【EP-04】整合影片觀看時序分析之小規模限制性線上課程教學法-以通訊網路課程為例

 
作品名稱: 【EP-04】整合影片觀看時序分析之小規模限制性線上課程教學法-以通訊網路課程為例
作者: Santhosh Prabakaran;Wei-Tyng Hong
Department of Electrical Engineering, Yuan Ze Univeristy

In today's classrooms, videos are essential because they make learning more adaptable. However, a big challenge is keeping students engaged with these videos and enhancing their learning experience. This study investigates the effectiveness of instructional videos by analyzing audience retention and applying mathematical analysis. If a teaching video effectively maintains its audience, indicated by a smooth retention curve, it signifies effective engagement. This effectiveness is quantified by a low Mean Squared Error (MSE) in a linear regression model that fits the retention curve. A lower MSE means the model's predictions are closer to the actual viewer retention data, signaling a better match between expected and observed viewer behavior. We examined 14 instructional videos from a network course, employing two approaches to analyze the data: one method divides the video into equal segments (MSE1), and the other segments it based on where viewers tend to drop off (MSE2). Our findings suggest that the MSE1 method more accurately reflects actual outcomes, though it overlooks the impact of the number of segments used.
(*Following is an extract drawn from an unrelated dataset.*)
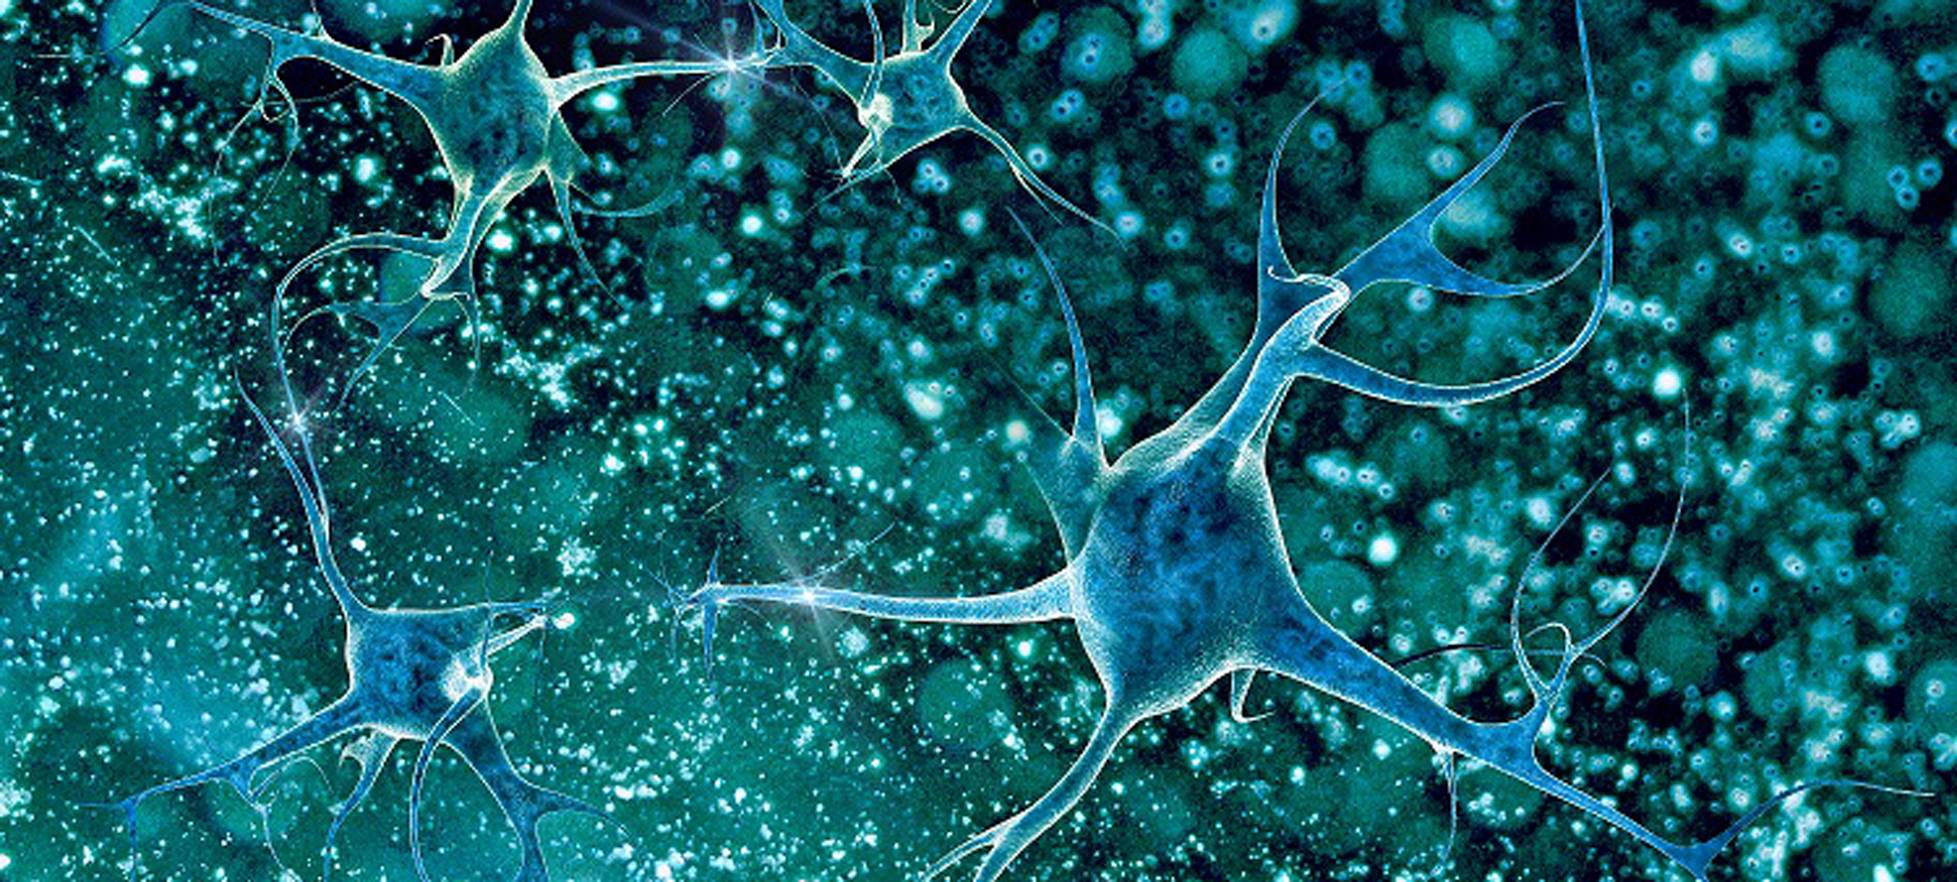 Neuronal cells

Further analysis revealed a close similarity in performance between MSE1 and MSE2, despite their different calculation methods. The MSE2 approach is particularly effective at revealing shifts in student engagement, highlighting the most captivating parts of the lecture. The MSE1 approach, on the other hand, is easier to handle, good for a first look or when dealing with lots of videos. Additionally, we found that both MSE1 and MSE2 scores have a moderate negative correlation with student satisfaction, indicating that higher MSE scores may correlate with lower satisfaction levels. This information aids educators in refining their video content and improving teaching strategies.